Abstract
2,3,7,8-Tetrachlorodibenzo-p-dioxin (TCDD) binds and activates the aryl hydrocarbon receptor (Ah-R), an endogenous transcription factor that is expressed in the thymus. TCDD exposure leads, among other effects, to thymus atrophy and immunosuppression. We previously analyzed the interference of TCDD with differentiation processes in fetal thymus organ cultures and found that in the presence of TCDD, the proliferation rate of immature (CD4−CD8− and CD4−CD8+ HSA+) thymocytes is inhibited, whereas the maturation along the CD4/CD8 path is accelerated. Moreover, the differentiation of thymocytes is skewed by TCDD at ≤40% (compared with ∼15% without TCDD) of the CD8 single-positive subset of future cytotoxic T cells, and apparently more cells audition for and pass positive selection. The fetal murine thymus expresses functional Ah-R mRNA, as shown by reverse transcription-polymerase chain reaction and TCDD-inducible CYP1A1 and CYP1B1 expression.
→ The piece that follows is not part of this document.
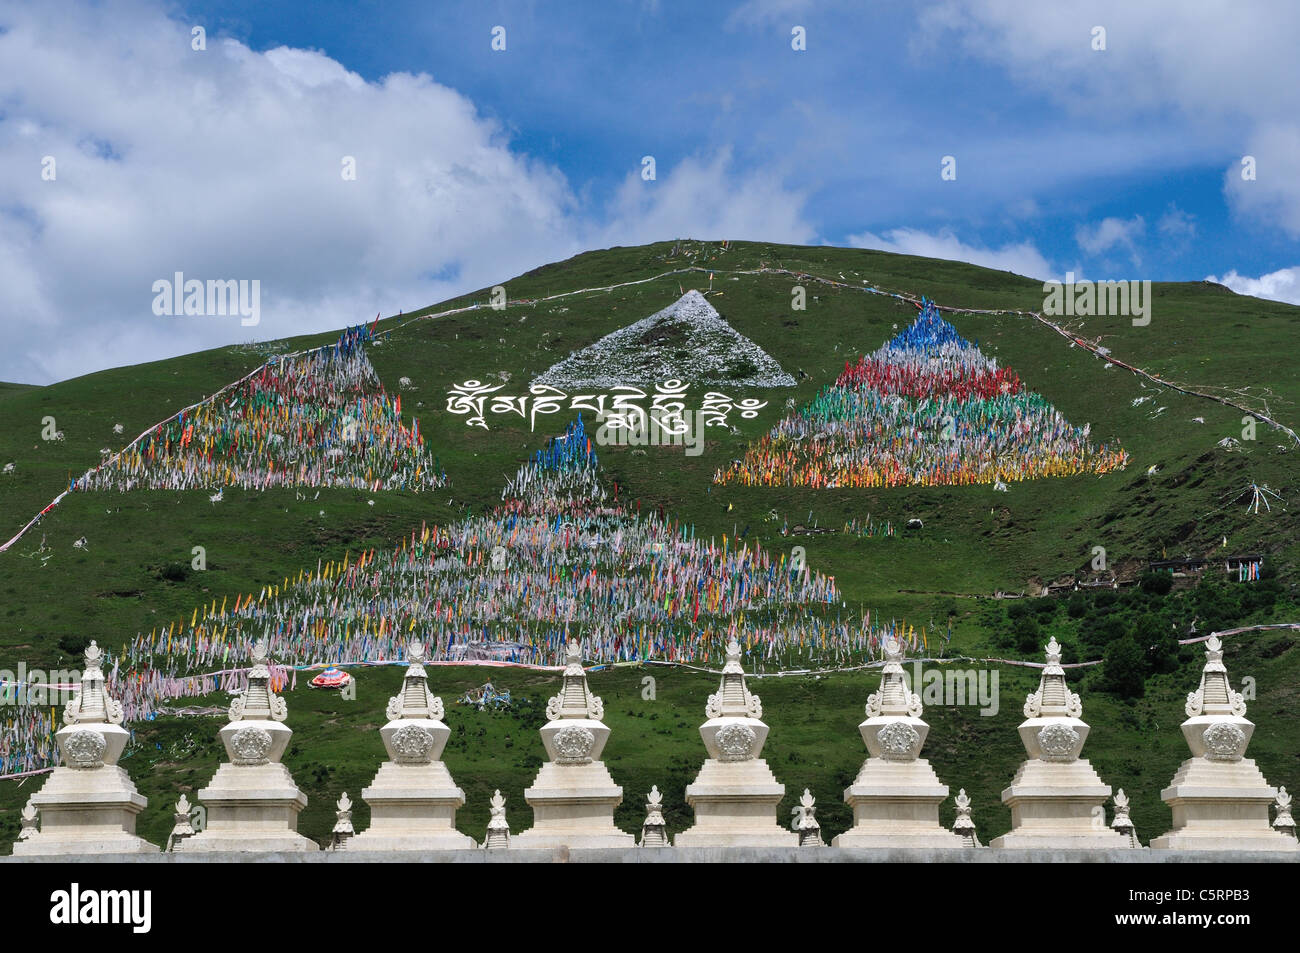 Tibetan prayer flags cover side of a hill. Tagong, Sichuan, China. Stock Photo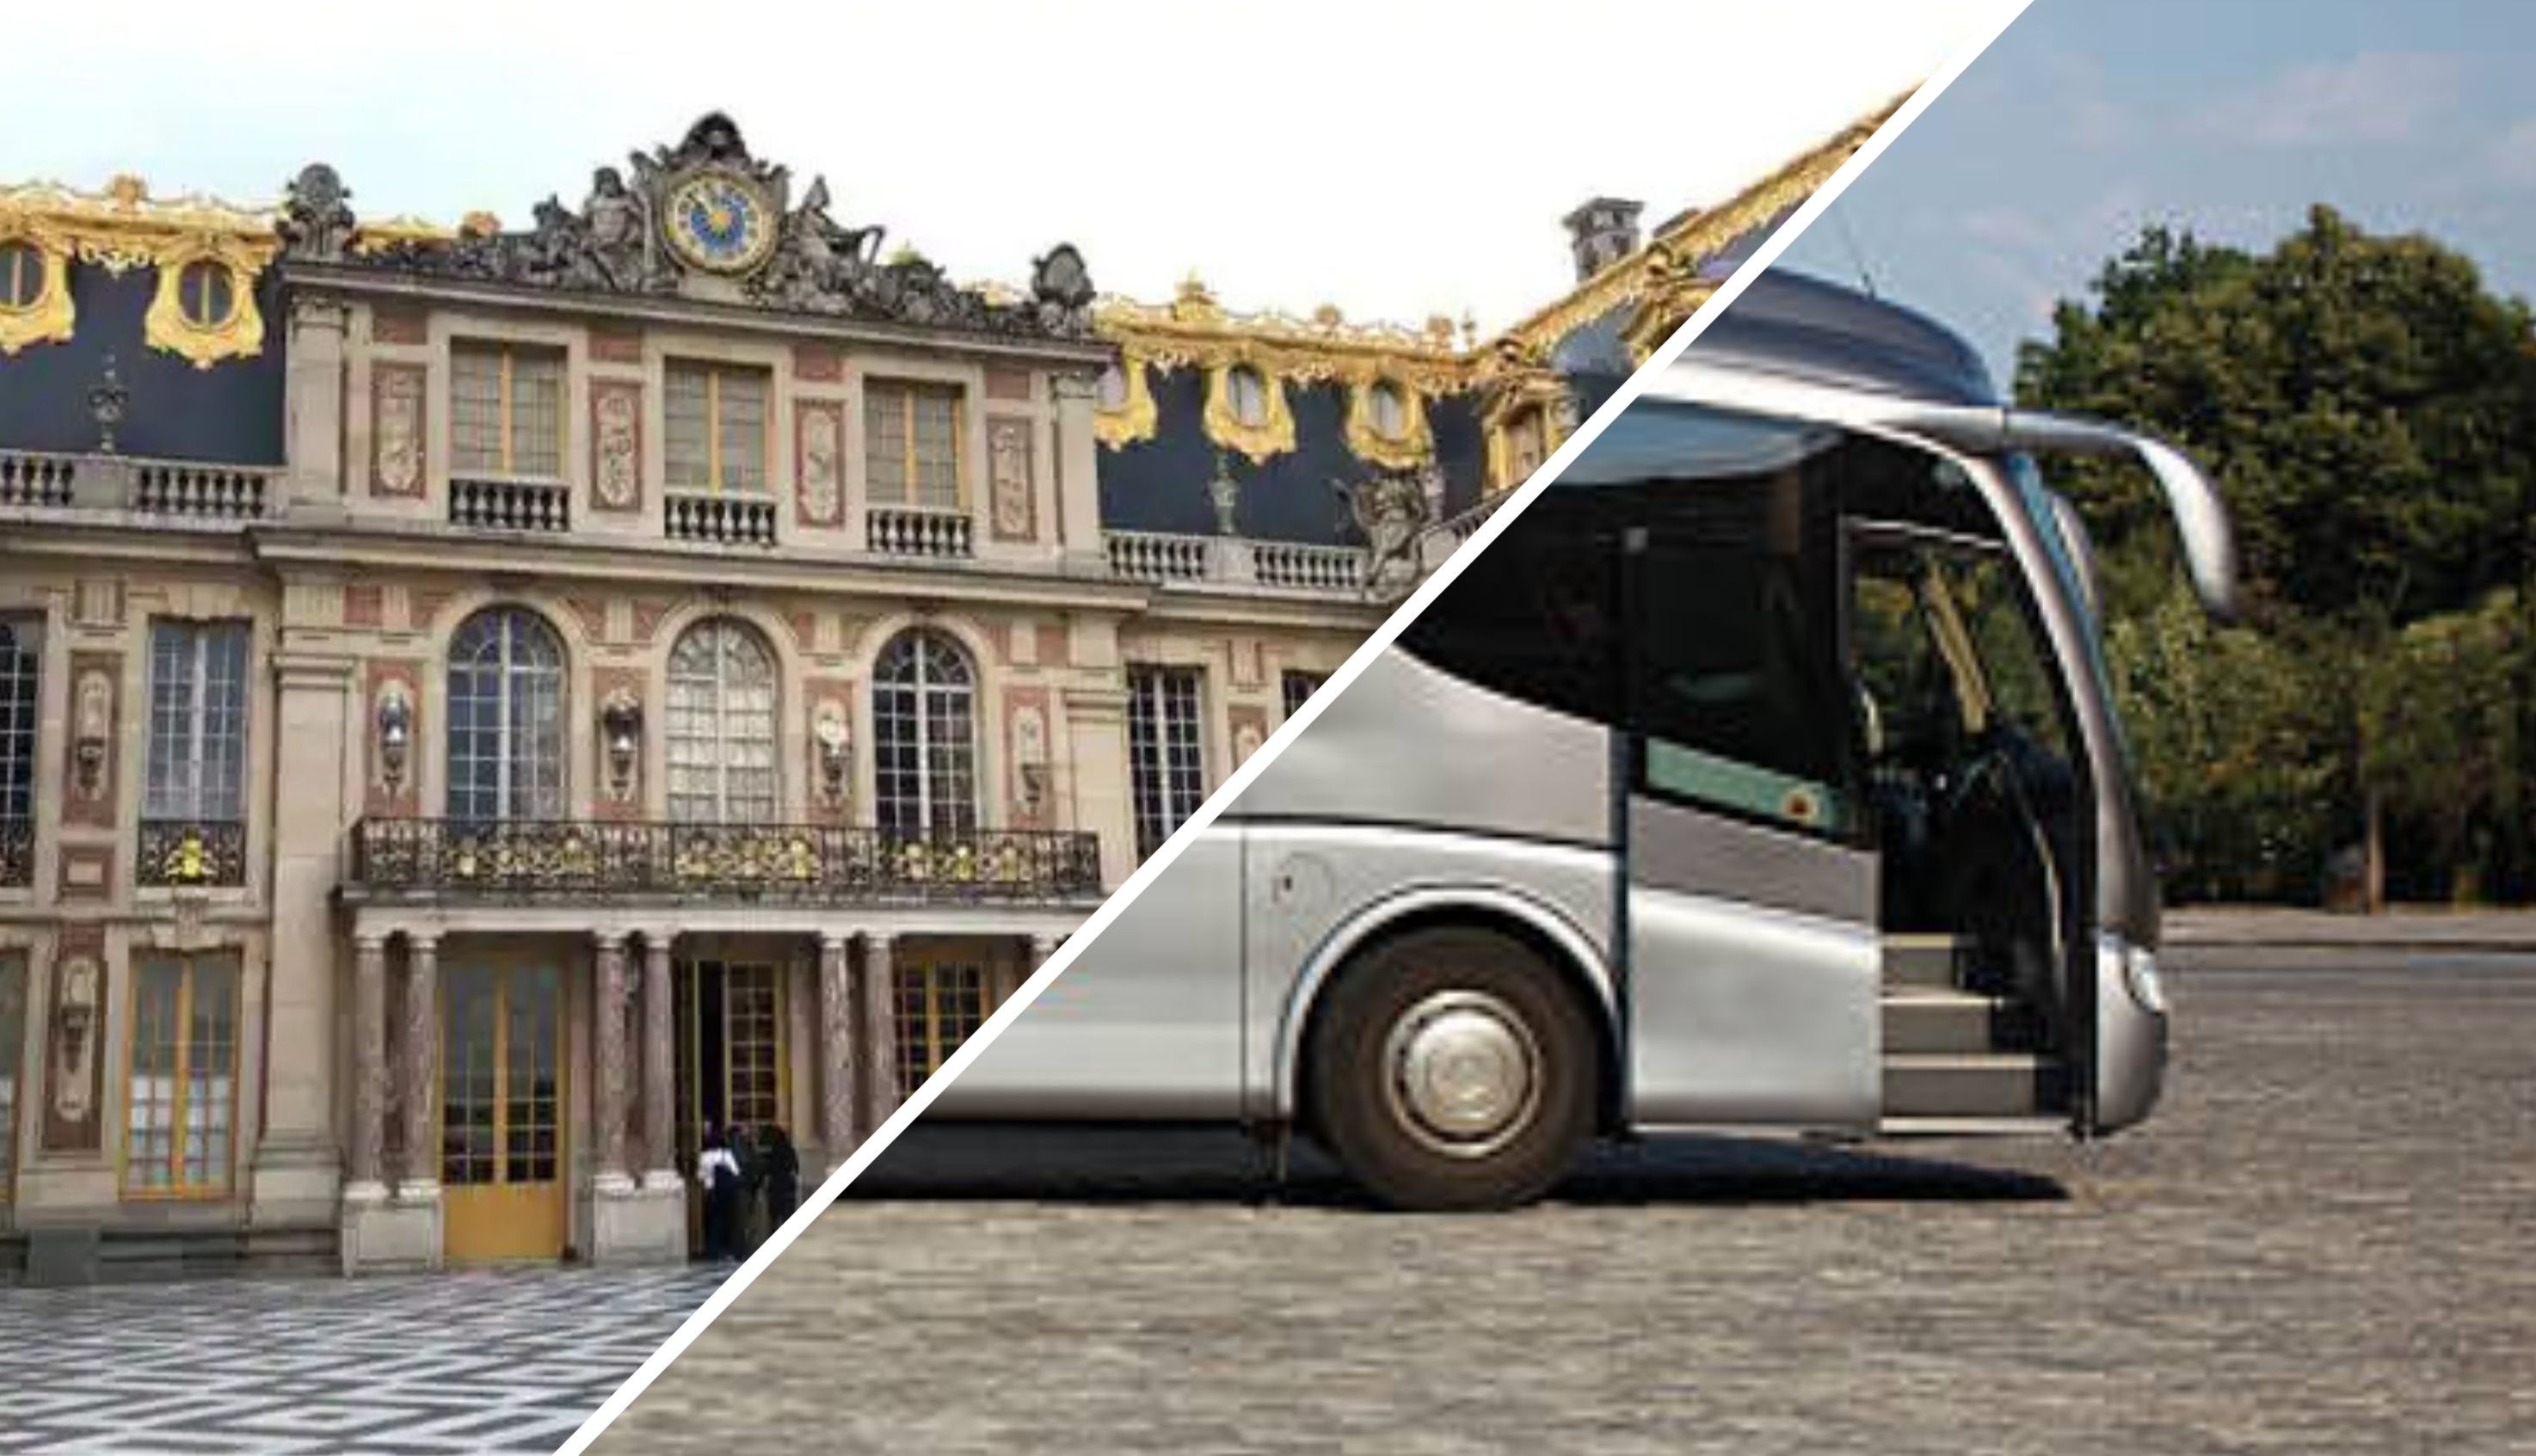 Half Day Audio Guided Tour of the Palace of Versailles from Paris with transportation

Because the differentiation of thymocytes is to a considerable extent controlled by cytokines and many cytokine genes are potential targets of the Ah-R due to Ah-R-binding elements (xenobiotic response elements) in their promoters, we analyzed the cytokine expression in fetal thymus organ culture exposed to TCDD. Fetal thymi were cultured from gestation day 15 for ≤8 days, thus coveringex vivo the period after population of the thymus anlage until birth. We show with semiquantitative reverse transcription-polymerase chain reaction that more interleukin (IL)-1β, IL-2, IL-6, tumor growth factor (TGF)-β3, and tumor necrosis factor-α are produced in TCDD-exposed thymi, whereas other cytokines (e.g., TGF-β1, PAI-2, or IL-4) are only slightly up- and down-modulated during the culture period or not modulated at all (e.g., IL-1β, IL-7, interferon-γ, and TGF-β2).
Footnotes
- Received February 10, 1997.
- Accepted March 27, 1997.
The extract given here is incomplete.